Rising Stars #24 by J. Michael Straczynski and Brent Anderson
$3.99, Image/Top Cow

Well, it's over. JMS's tale of 113 superpowered individuals who reshaped the world started, well, a looooong time ago (but, not necessarily in a galaxy far, far away). July of 1999, to be precise. It's unfortunate, because this series had such potential to take its place among the icons of the comics world, but in the end ... well, it's still a good series, and it's still worth having, but it lost so much momentum that many people won't care. Poet receives all the powers of the all the dead Specials, and uses those powers to change the world even more than he's already done. In the end, this story is another in a long line about superheroes failing to create a utopia because of man's free will, but it is more hopeful than many of them. JMS has done stronger comics work (this is better, I would argue, than Amazing Spider-Man, but Midnight Nation is his best stuff), but nothing as ambitious as this.

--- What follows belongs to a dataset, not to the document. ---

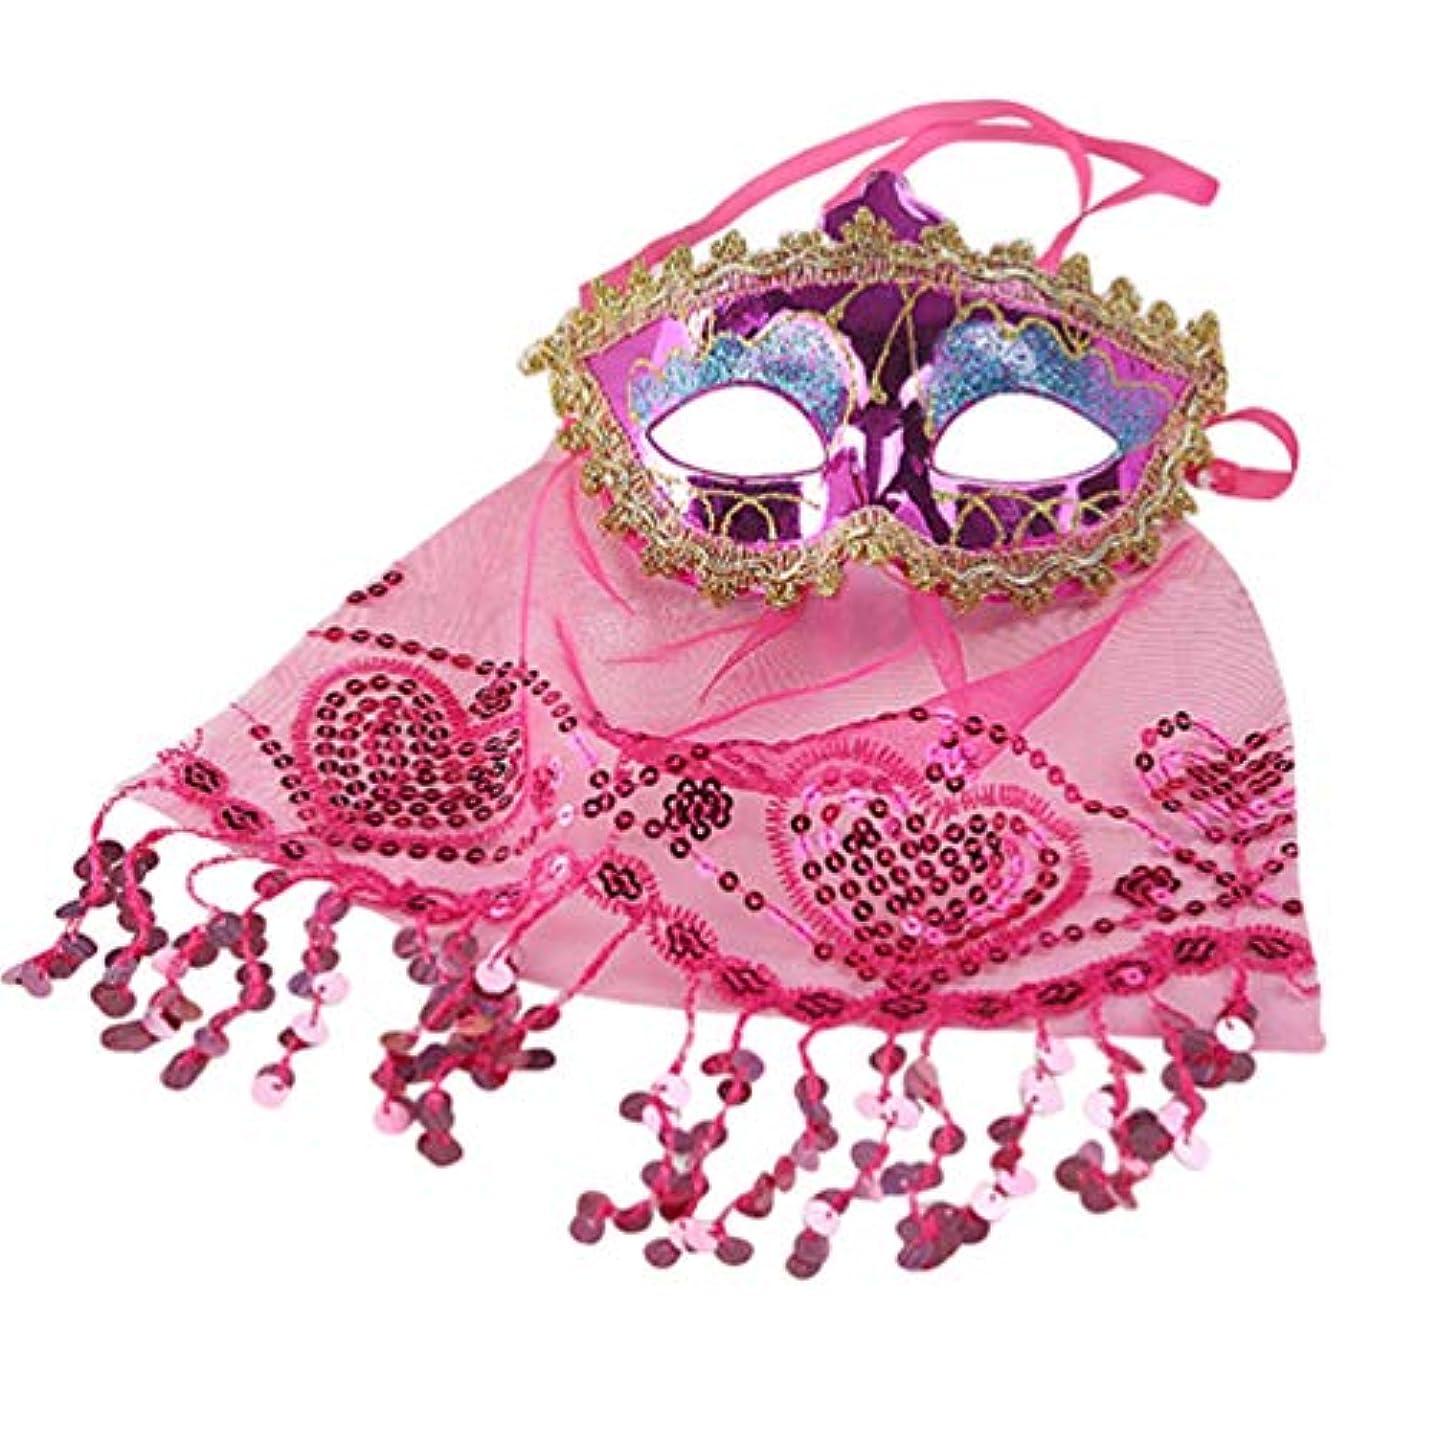 発揮する奪うソブリケットTOYANDONA ベールマスク ベリーダンスベール 踊り パーティー 魅力的 仮面舞踏会マスク ハロウィンコスチューム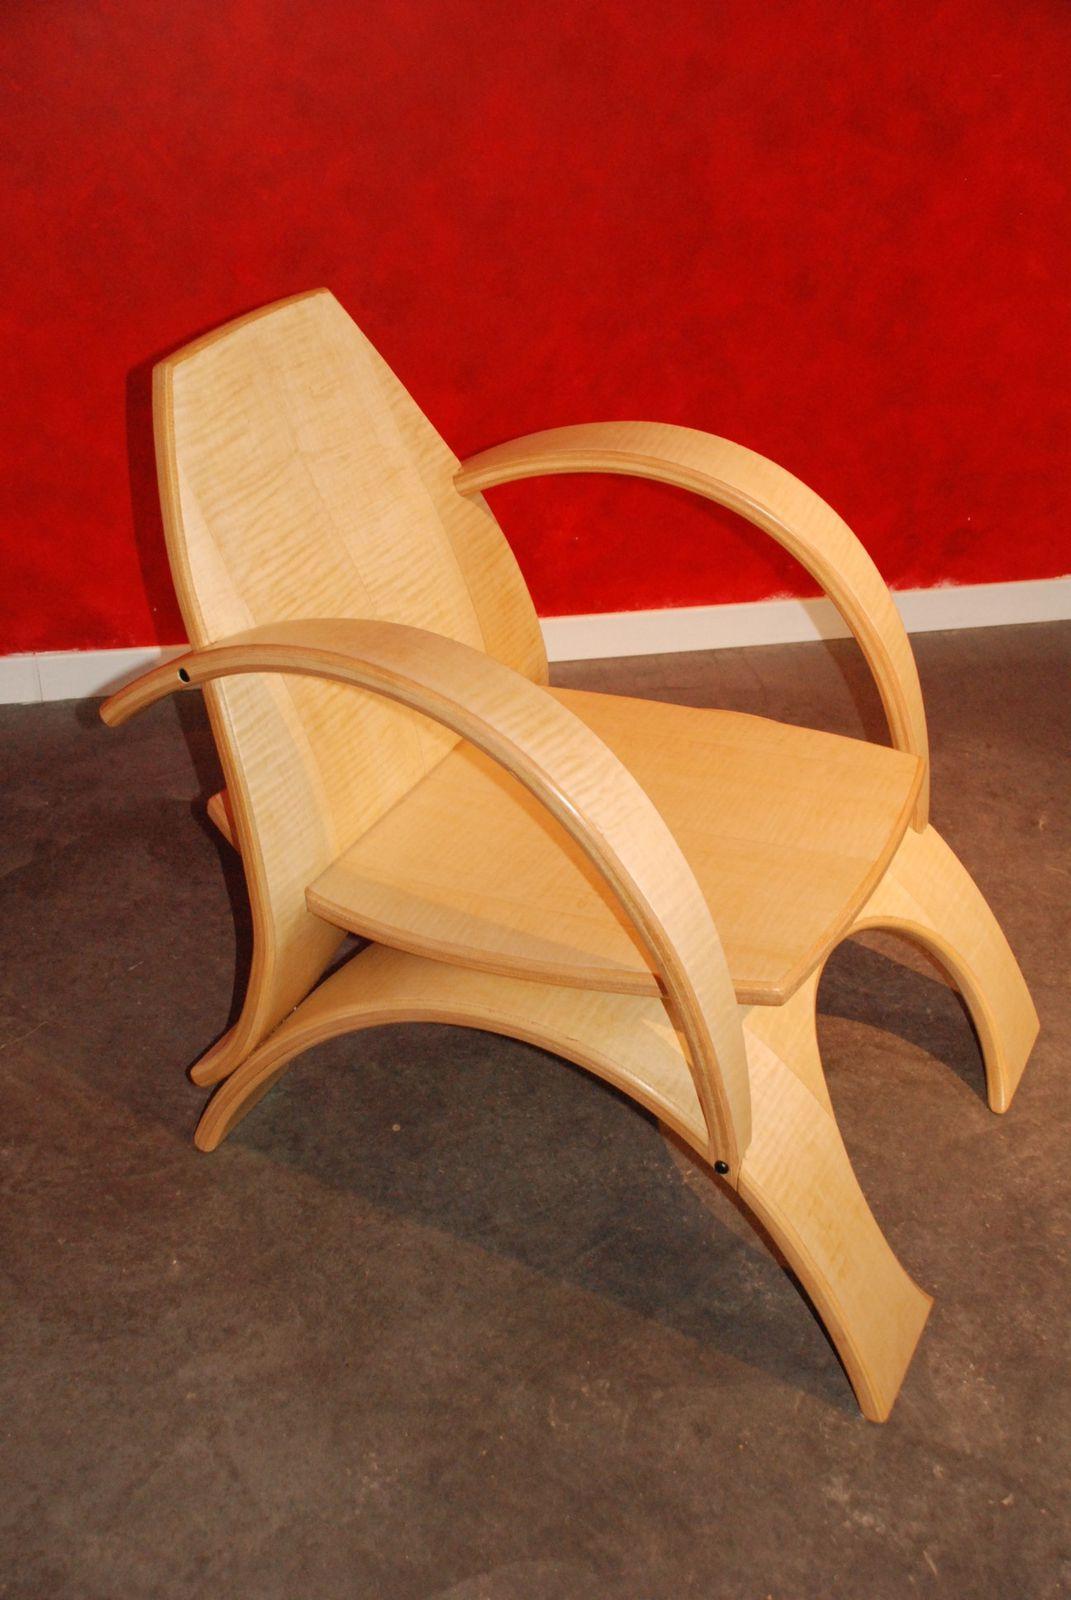 album fauteuils contemporains omega atelier pourquoi pas mobilier design sur mesures. Black Bedroom Furniture Sets. Home Design Ideas

It's a shame it dropped so far off the radar.

The Twilight Experiment #2 by Jimmy Palmiotti, Justin Gray, and Juan Santacruz
$2.99, Wildstorm

Another good issue in this mini-series, and I'm anticipating learning more about the characters, which is always a good thing. There's some weird alien stuff, and we find out more about Rene and what her deal is (she's more interesting than Michael, but he has potential, too), and the ending is suitably dramatic. The art is very pretty and conveys a nice sense of superheroics while keeping the quieter scenes grounded. It's another title that questions what superheroes really are and why humanity seems to need them, which, if it's done well, I don't get tired of. There's a statue of Serenity in the Rockies with names carved into the base, and I was a little confused -- these people are obviously dead, but why are they associated with Serenity? I'm a little puzzled -- and Tim Roth and Paul Giamatti should make sure they call their agents, because according to this book, they're missing. Anyway, it's a nice book, and it's interesting, and there's a neat little mystery. Good stuff.

Holy crap, nothing from Marvel! Not even Ultimate Iron Man by renowned anti-gay writer Orson Scott Card! Whatever will I do?